Betriebsumstrukturierungen

Betriebsumstrukturierungen

Ein wichtiger Teil von Fiscontis Beratung in steuerlichen Angelegenheiten bezieht sich auf Umstrukturierungsvorhaben von Unternehmen, bzw. auf eine Umwandlung der Weise, laut derer ein Unternehmen seine unterschiedlichen Funktionen ausübt (z.B. Änderung des Trading-Modells). Der Anlass kann sein, dass nach einer Fusion oder Übernahme, Firmenbereiche integriert, oder verschoben werden müssen, oder man hat den Wunsch, die geschäftlichen Aktivitäten mit einer vermehrten Effizienz zu führen. Solche Änderungen können große steuerliche Folgen haben, vor allem, wenn mehrere Gesellschaften und/oder Länder hierbei eine Rolle spielen.

Bei der Betriebsumstrukturierungen, kann es sich zum Beispiel um die Umfirmierung von Produktionsgesellschaften zu sogenannten „Auftragsherstellern“ oder ‘Lohnherstellern’ handeln.  Die Produktionsstätten produzieren unter der neuen Situation nicht mehr für eigene Rechnung, sondern im Auftrag einer anderen Gruppengesellschaft, eines sogenannten Prinzipals.
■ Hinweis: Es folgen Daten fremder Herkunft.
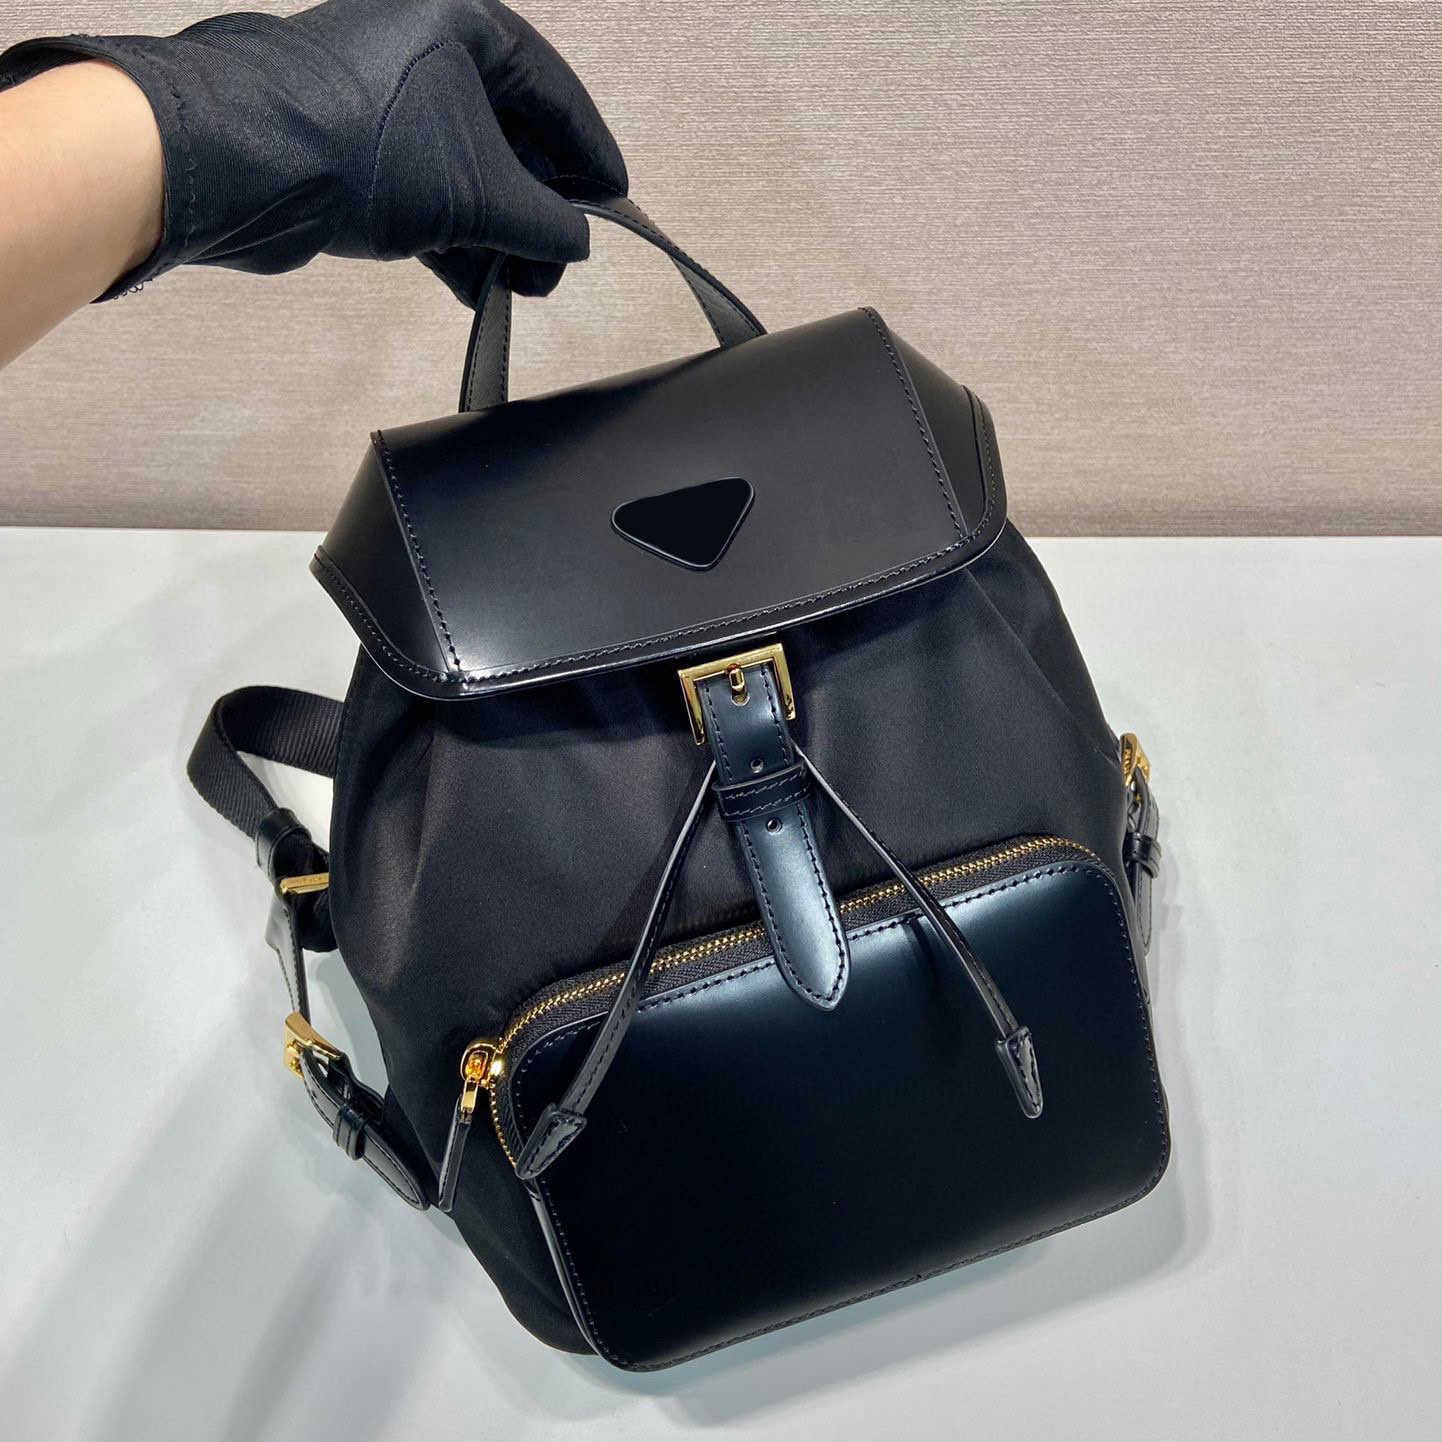 black--120.5*25*11.5cm-can backpack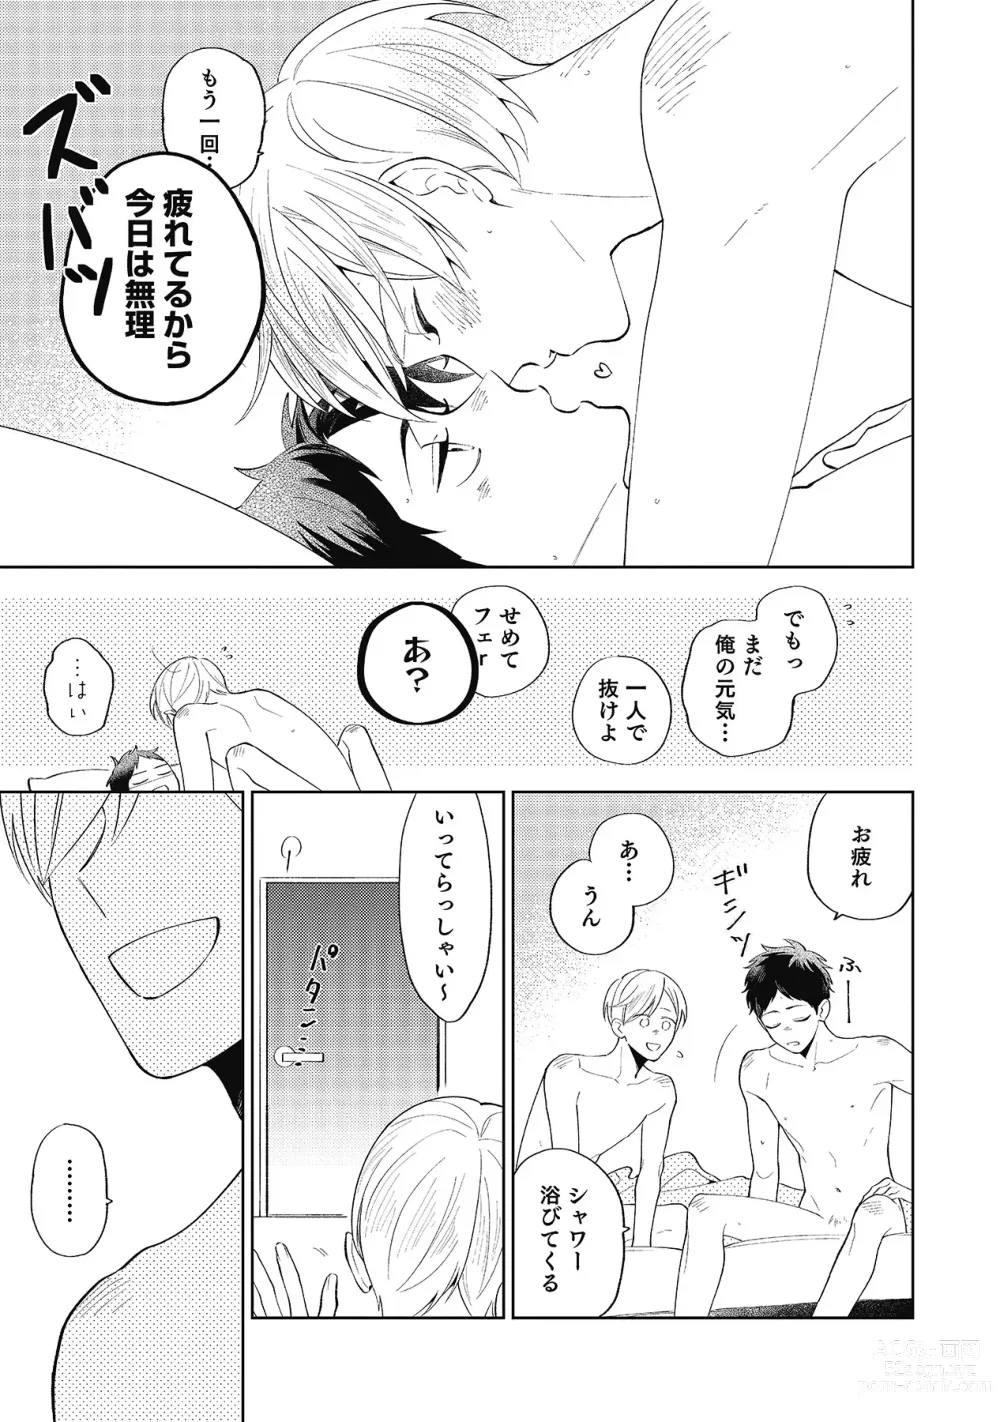 Page 9 of manga Sentimental Darling

Häufig gehen diese Änderungen mit der Implementierung von standardisierten Verkaufsprozessen und Fakturierung für die Kunden einher (z.B. die Stellung findet nur noch durch eine einzige Gesellschaft statt). Örtliche Verkaufsniederlassungen werden hierbei umgewandelt zu Verkaufsagenten oder Distribuenten, mit beschränkten Risiken.

Bei dieser Art der Unternehmensumstrukturierung spielen zwei Problemstellungen eine wichtige Rolle. Die erste Frage lautet, ob bei der umgewandelten Produktions- bzw. Verkaufsgesellschaft eine steuerliche Abrechnung hinsichtlich der im Unternehmen transferierten Funktionen und/oder Risiken (zum Beispiel eine Goodwill-Abrechnung) erfolgen muss und die zweite Frage lautet, ob der neue Prinzipal im jeweiligen Ausland durch die neue Arbeitsweise des Unternehmens steuerpflichtig wird für die Gewinne, die mithilfe der ausländischen Tochtergesellschaft generiert werden.